Наконец-то во мраке начинают появляться картинки, эфемерными изображениями повисая в воздухе: в небе застыл ворон, огненные травинки качаются под лёгким ветерком, они слишком длинные, а потому поджигают стоящую хижину и каким-то чудесным образом охватывают стены донжона. Крики матерей, слёзы детей.
Картинки пропадают, но художник рисует новые, нанося толстые, неровные штрихи на холст, будто бы нервничает, впадая в истерику. Мальчик видит вечных охотников: свет и тьму, смирение и возмущение, покой и ярость… Они яркими всполохами кружат в хороводе огня, точными движениями собирают жатву. Удар. Удар. Удар. Тихие, быстрые, смертоносные…
Они являют собой кровавый хоровод, но останавливаются, едва завидев мальчика, но не хозяина сна, иного, чем-то похожего на него. Всполохи говорят с ним, называют Овидом и, собираясь таинственным светом, преображаются в кинжал, вложенный в ладони юнца.
Ворон недоволен, он пикирует вниз, старается выхватить оружие из неопытных рук, но мальчик показывает характер, и борьба заканчивается победой мальца. Он пролил первую кровь, убил первое существо, но ему мало, он хочет ещё, он желает большего!

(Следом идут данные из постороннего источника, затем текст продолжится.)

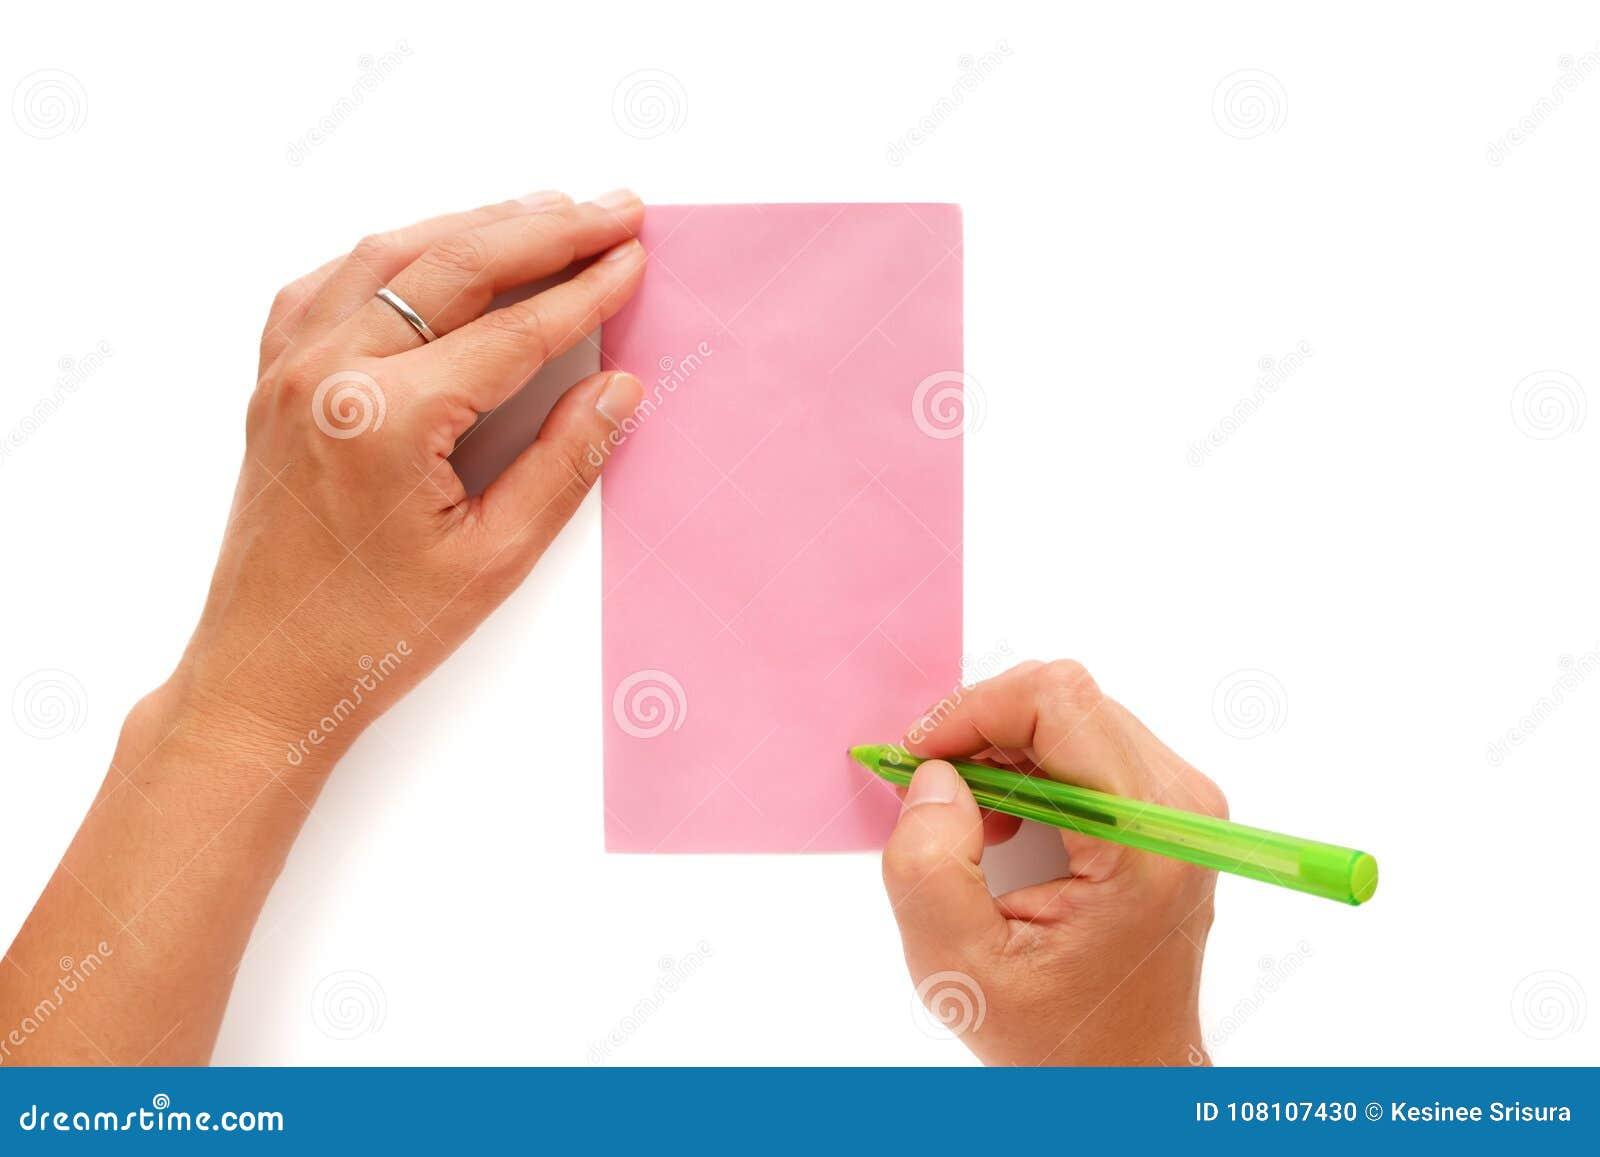 Remettez tenir un stylo et en étant adressé sur une enveloppe rose

Кровь птицы — серебряного оттенка субстанция, точно лава, неправильного цвета, — капельками дождя скатывается по оголённому торсу охотника. А он безумствует: острым когтём вспарывает себе вену, прикладывает лезвие, будто бы окунает заготовку кузница в чан с водой. Эффект тот же: исходит пар, желая забрать с собой все краски…

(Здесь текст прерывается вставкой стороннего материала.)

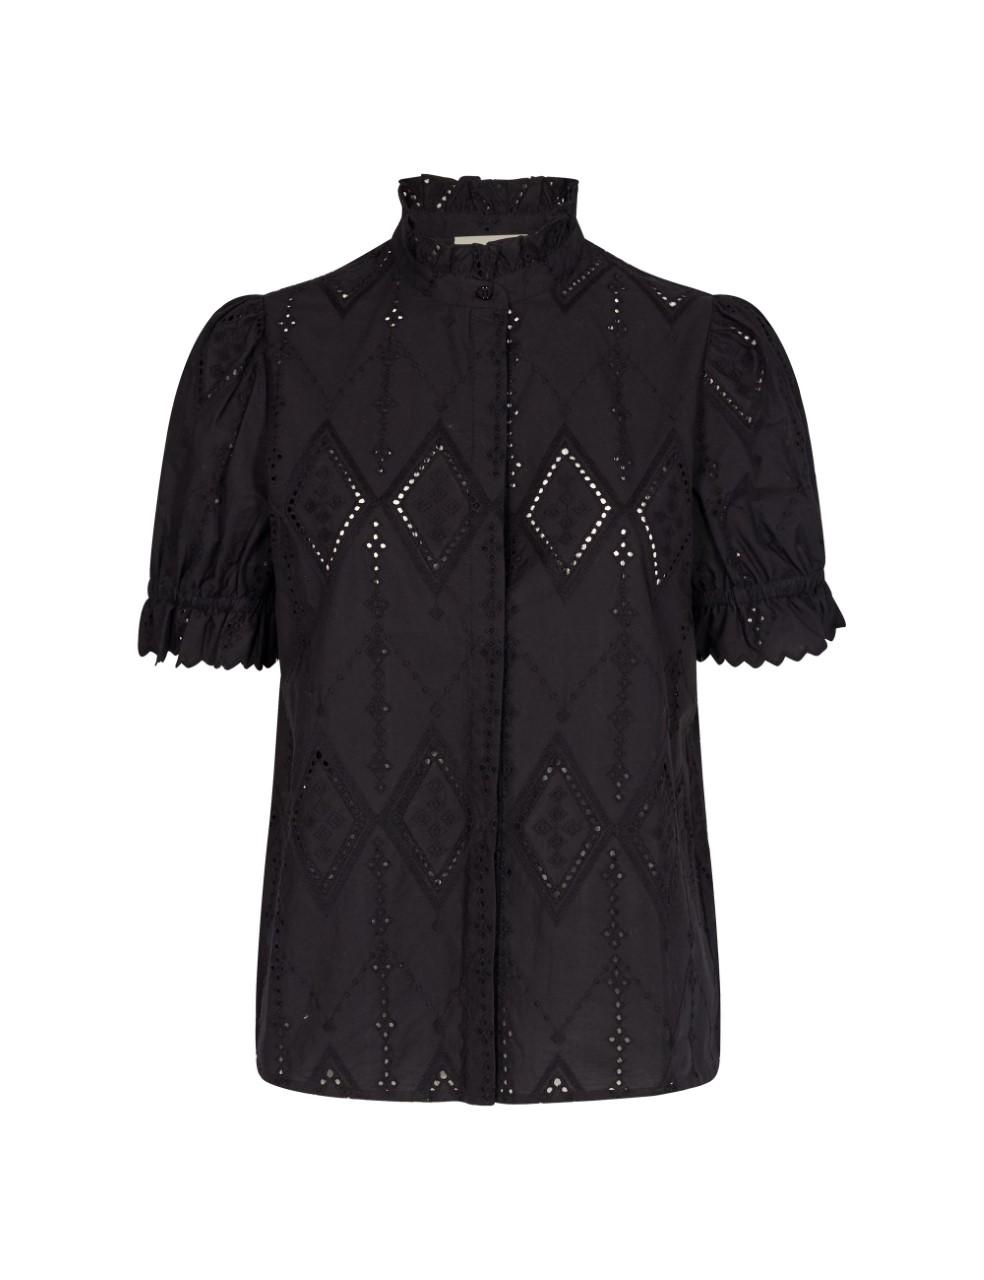 Leveteroom Nikoline2 blouse bluse

— Нити судьбы переплетаются…
Слова искажённым эхом доносятся до наблюдателя, а после лучи света пробивают занавес тьмы, и чей-то знакомый голос заставляет открыть веки…
***
Гэвиус звал и просил поторопиться, потому как их отец не отличается терпеливостью. Но мальчика пробил озноб, он крутил в руках подарок матери — нож, отныне запятнанный кровью. Вязкая субстанция серебряного оттенка, играющая в лучах солнца, окропила клинок, несмотря на то, что оружие лежало под подушкой мальчика и никак не могло быть использовано по назначению. Нарастающий страх был подавлен, и Витус, спрятав свой секрет под ложе, поспешил покинуть обитель.
***
Для каждого ребёнка первый поход в школу — это нечто сродни сказочного приключения в неизведанный доселе мир. У Витуса были иные мысли на этот счёт. Ему было дискомфортно сидеть по правое плечо от барона, который по такому случаю нарядился в элегантный ядовито-сизый пурпуэн; на лице старика покоилась холодная улыбка. В противовес ему был Гэвиус, однако и он притворялся радостным, но по иной причине. Молодой человек был рад видеть восхождения брата по пути знаний, однако это шло в противовес с его планом по покорению вершин и использованию Витуса по своему усмотрению. Стар и млад грызли друг друга, в роли жертвы выступал мальчуган — напуганный какофонией звуков, привычных в городских стенах множеству лиц, смотрящих с отвращением и скрытым презрением.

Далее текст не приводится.